- Motto: Justice, Safety, Efficiency
- Location in Hamilton County, Tennessee
- Coordinates: 35°3′6″N 85°2′49″W﻿ / ﻿35.05167°N 85.04694°W
- Country: United States
- State: Tennessee
- County: Hamilton
- Incorporated: 1968

Government
- • Type: City Manager-Commission
- • City Manager: Wayon Hines

Area
- • Total: 12.03 sq mi (31.16 km^{2})
- • Land: 12.03 sq mi (31.16 km^{2})
- • Water: 0 sq mi (0.00 km^{2})
- Elevation: 791 ft (241 m)

Population (2020)
- • Total: 11,109
- • Density: 923.4/sq mi (356.52/km^{2})
- Time zone: UTC-5 (Eastern (EST))
- • Summer (DST): UTC-4 (EDT)
- ZIP code: 37302, 37315, 37353, 37363
- Area code: 423
- FIPS code: 47-16300
- GNIS feature ID: 1280968
- Website: www.collegedaletn.gov

= Collegedale, Tennessee =

Collegedale is a city in Hamilton County, Tennessee, United States. The population was 11,109 at the 2020 census. Collegedale is a suburb of Chattanooga and is part of the Chattanooga, TN-GA Metropolitan Statistical Area. Collegedale is home to Southern Adventist University. The median household income is one of the highest in Hamilton County. It has been ranked as one of the best and safest places to live in Tennessee.
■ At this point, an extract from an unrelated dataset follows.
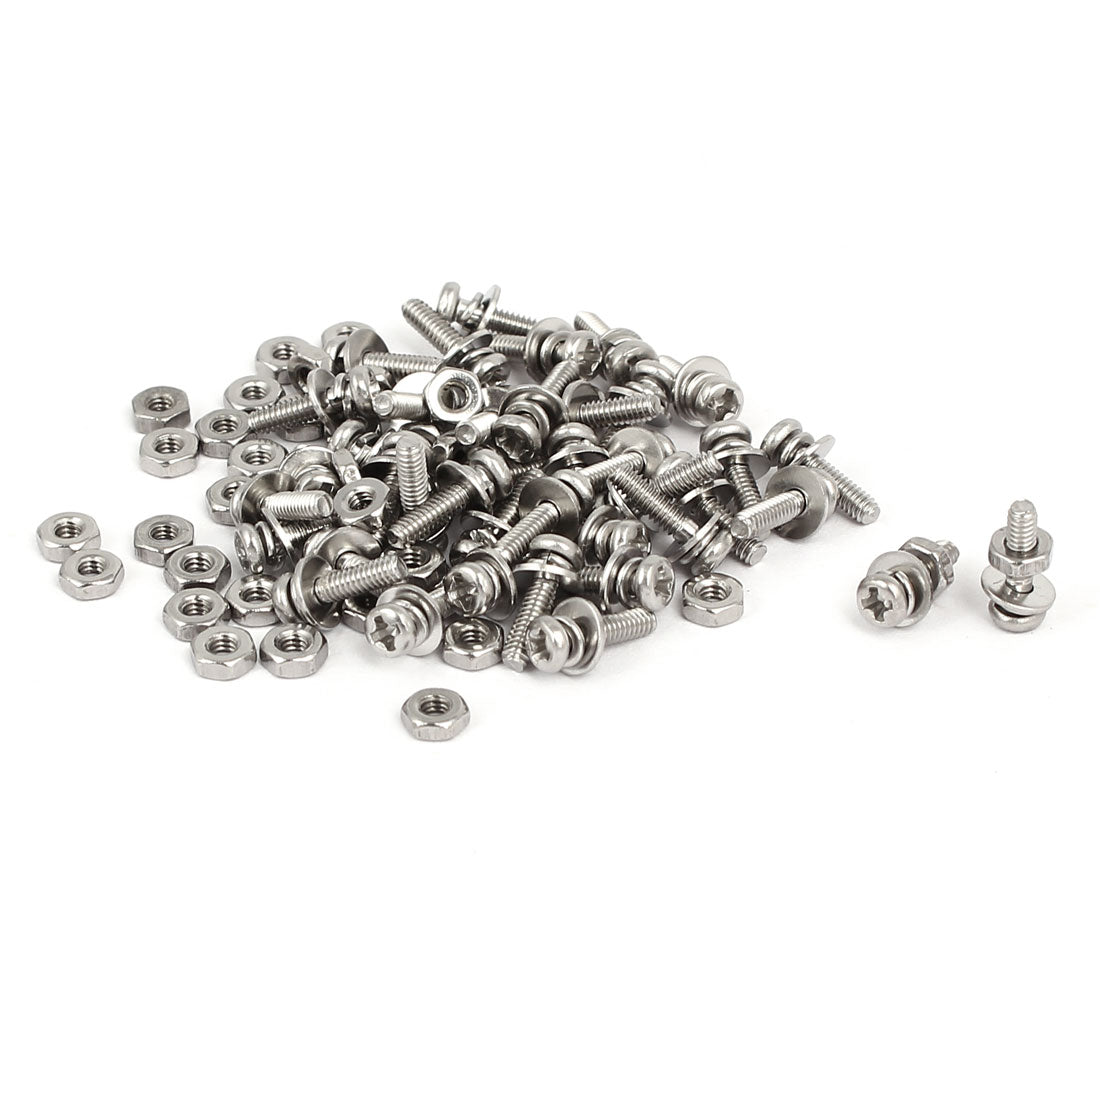 uxcell Uxcell M2 x 8mm 304 Stainless Steel Phillips Pan Head Screws Nuts w Washers 40 Sets

The unincorporated community of Ooltewah is an enclave in Collegedale.

==History==
Collegedale was founded as the site of Southern Adventist University (then Southern Junior College) in 1916. It was incorporated under a city manager government in 1968. J.M. Ackerman was the first city manager, and Fred Fuller served as the city's first mayor.

==Geography==
Collegedale is located in southeastern Hamilton County at (35.051578, -85.047004), in the valley of Wolftever Creek. Just west of the city center, the creek cuts through White Oak Mountain, forming Collegedale Gap. Tennessee State Route 317 passes through the city center and Collegedale Gap, leading southeast 10 mi to State Route 60 and northwest 4 mi to Interstate 75 in the northeastern outskirts of Chattanooga. Downtown Chattanooga is 19 mi west of Collegedale. Tennessee State Route 321 runs through the western part of Collegedale, leading north to U.S. routes 11 and 64 just north of Ooltewah and south 5 mi to the Georgia state line.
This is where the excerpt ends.